Artificial Intelligence, June 2025

Model Context Protocol: Wiring Tools to LLMs

For the first several years of building with language models, every integration was bespoke. Connecting a model to a filesystem, a database, or an internal service meant writing glue code specific to that model and that tool, code that broke whenever either side changed and had to be rewritten for the next model. The Model Context Protocol, an open standard introduced by Anthropic in late 2024, addresses that fragmentation directly by defining a single common interface between models and the tools and data they use, so that an integration is written once and works across any model that speaks the protocol.

The design borrows from a pattern that already proved itself. Much as the Language Server Protocol allowed any editor to obtain language intelligence from any language server through one common interface, MCP defines a standard way for a model to communicate with any tool or data source. A tool exposes itself as an MCP server, the model connects as a client, and the two exchange a defined set of messages regardless of who built either side.
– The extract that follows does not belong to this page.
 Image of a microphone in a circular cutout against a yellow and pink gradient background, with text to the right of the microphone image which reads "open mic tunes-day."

The integration is decoupled from the model, which is the property that makes it durable, because the tool no longer needs to know or care which model is calling it.
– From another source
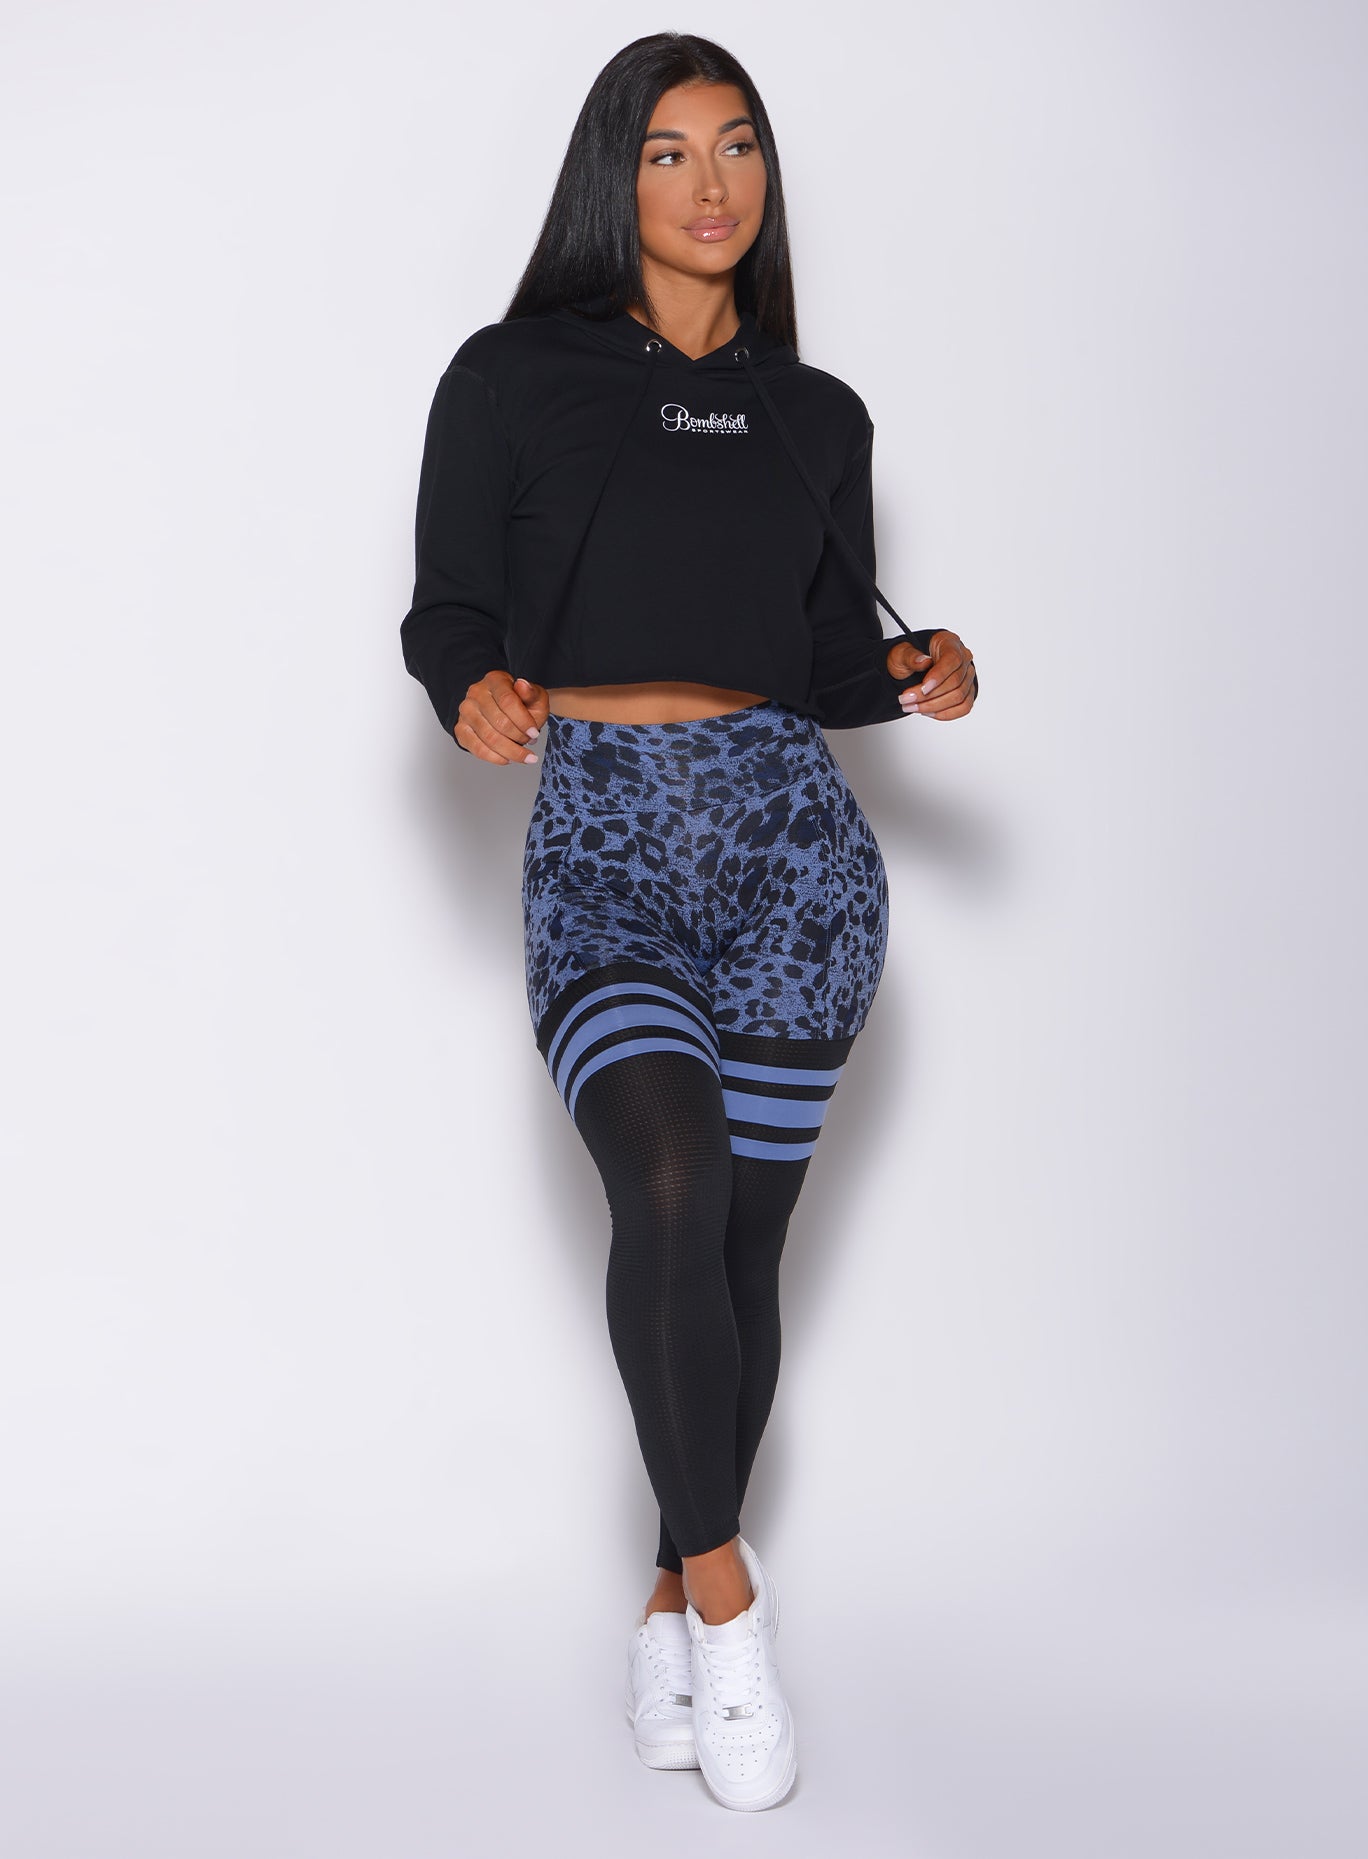 Front  profile view of a model in our black bombshell hoodie and a cheetah print leggings

An MCP server exposes a small, well defined set of primitives.

PRIMITIVEWHAT IT PROVIDES
ToolsActions the model can call, such as sending a request or running a query.
ResourcesData the model can read, such as files, records, or documents.
PromptsReusable templates a server hands to the model for common tasks.

The significance of the protocol is not any individual connector, it is the network effect that a shared standard creates. A tool that speaks MCP is immediately usable by every client that speaks it, and a client that adopts it gains access to the whole ecosystem of existing servers without writing integration code for each, which is the dynamic that turns a protocol into a platform. That is why adoption spread quickly across editors, assistants, and platforms once the specification was open. MCP does not make a model more capable in isolation, it makes it connectable, and for real work the connection to a system's actual tools and data is where most of the practical value lies, because a model that cannot reach the systems it is meant to help is limited no matter how capable it is on its own. The full specification is open and maintained at modelcontextprotocol.io.